If $E \to X$ is a complex vector bundle with structure group $G=U(1)\times SU(n-1) \subset U(n)$ there exists complex line bundle $E_1$ (with structure group $U(1)$) and a complex vector bundle $E_2$ with structure group $SU(n-1)$ such that $E$ is isomorphic to $E_1 \oplus E_2$.

This makes the Chern classes of $E$ computable in the terms of chern classes of $E_1$ and $E_2$.

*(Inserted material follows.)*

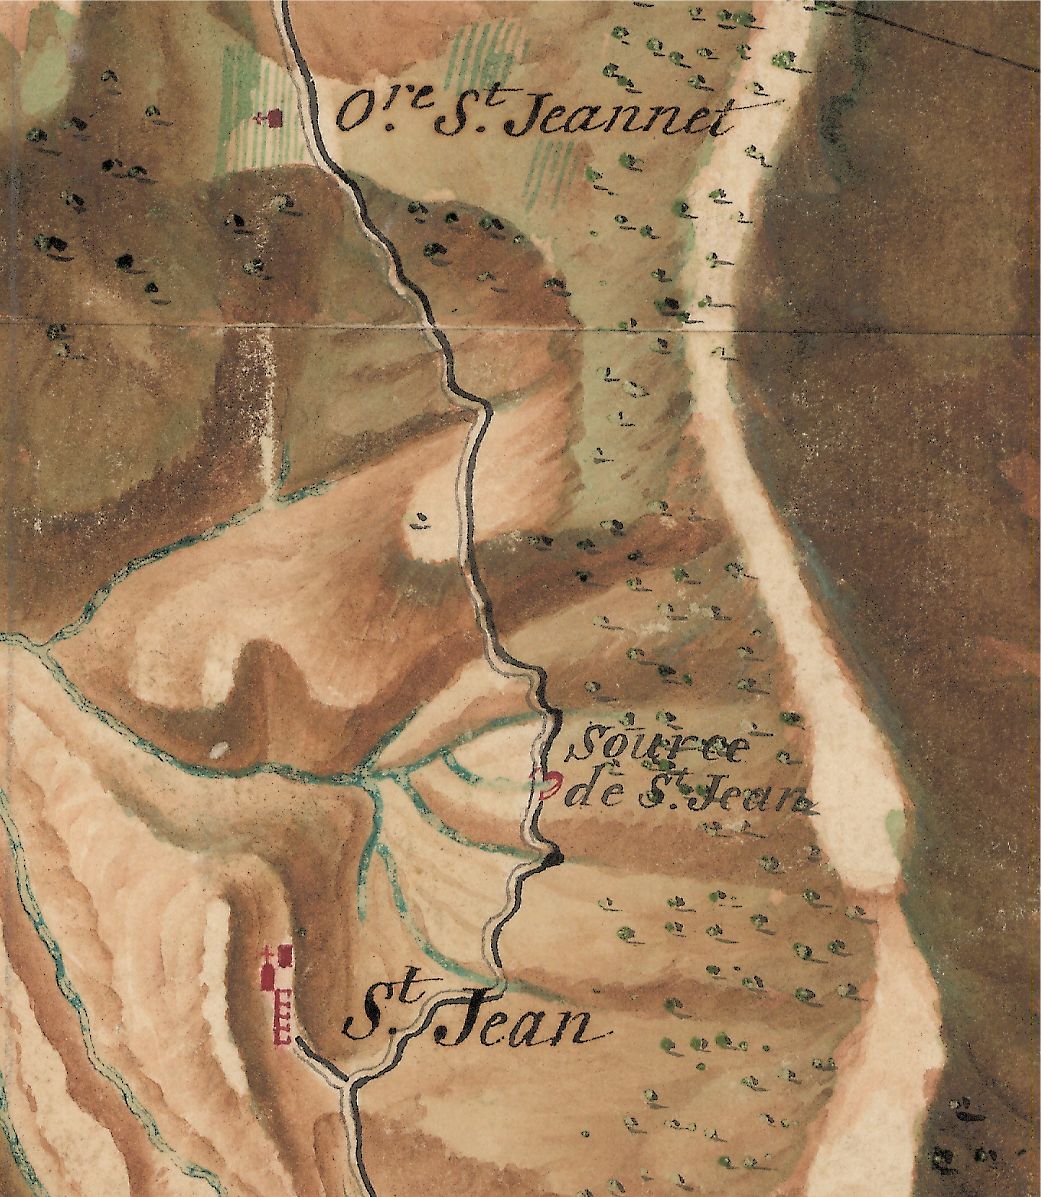 Cartes des frontières Est de la France, de Colmars à Marseille, 1764-1778. Détail de la planche 194-11 : St-Jean, source de St-jean et oratoire Saint-Jeannet.

For the statement, consider the $G$ principle bundle $P\to X$ associated to $E$. The proection \begin{align*} pr_1:G \to U(1) \end{align*} induces a $U(1)$ principle bundle $P_1 := (P \times U(1))/G$. Where the right action of $G$ on $P\times U(1)$ is given by \begin{align*} (p,z)\cdot g:= (p\cdot g, pr_1(g)^{-1}\cdot z). \end{align*}

Analogously $pr_2:G \to SU(n-1)$ defines a $SU(n-1)$ principle bundle $P_2$. There is an ismorphism of $G$ principle bundles $P \overset{\sim}{\to} P_1 \times P_2$. Take $E_1,E_2$ to be the associated vector bundles respectively.

This corresponds to a map of classifying spaces $B(G_1\times G_2) \to BG_1 \times BG_2$ which is homotopy inverse to $BG_1\times BG_2 \to B(G_1 \times G_2)$.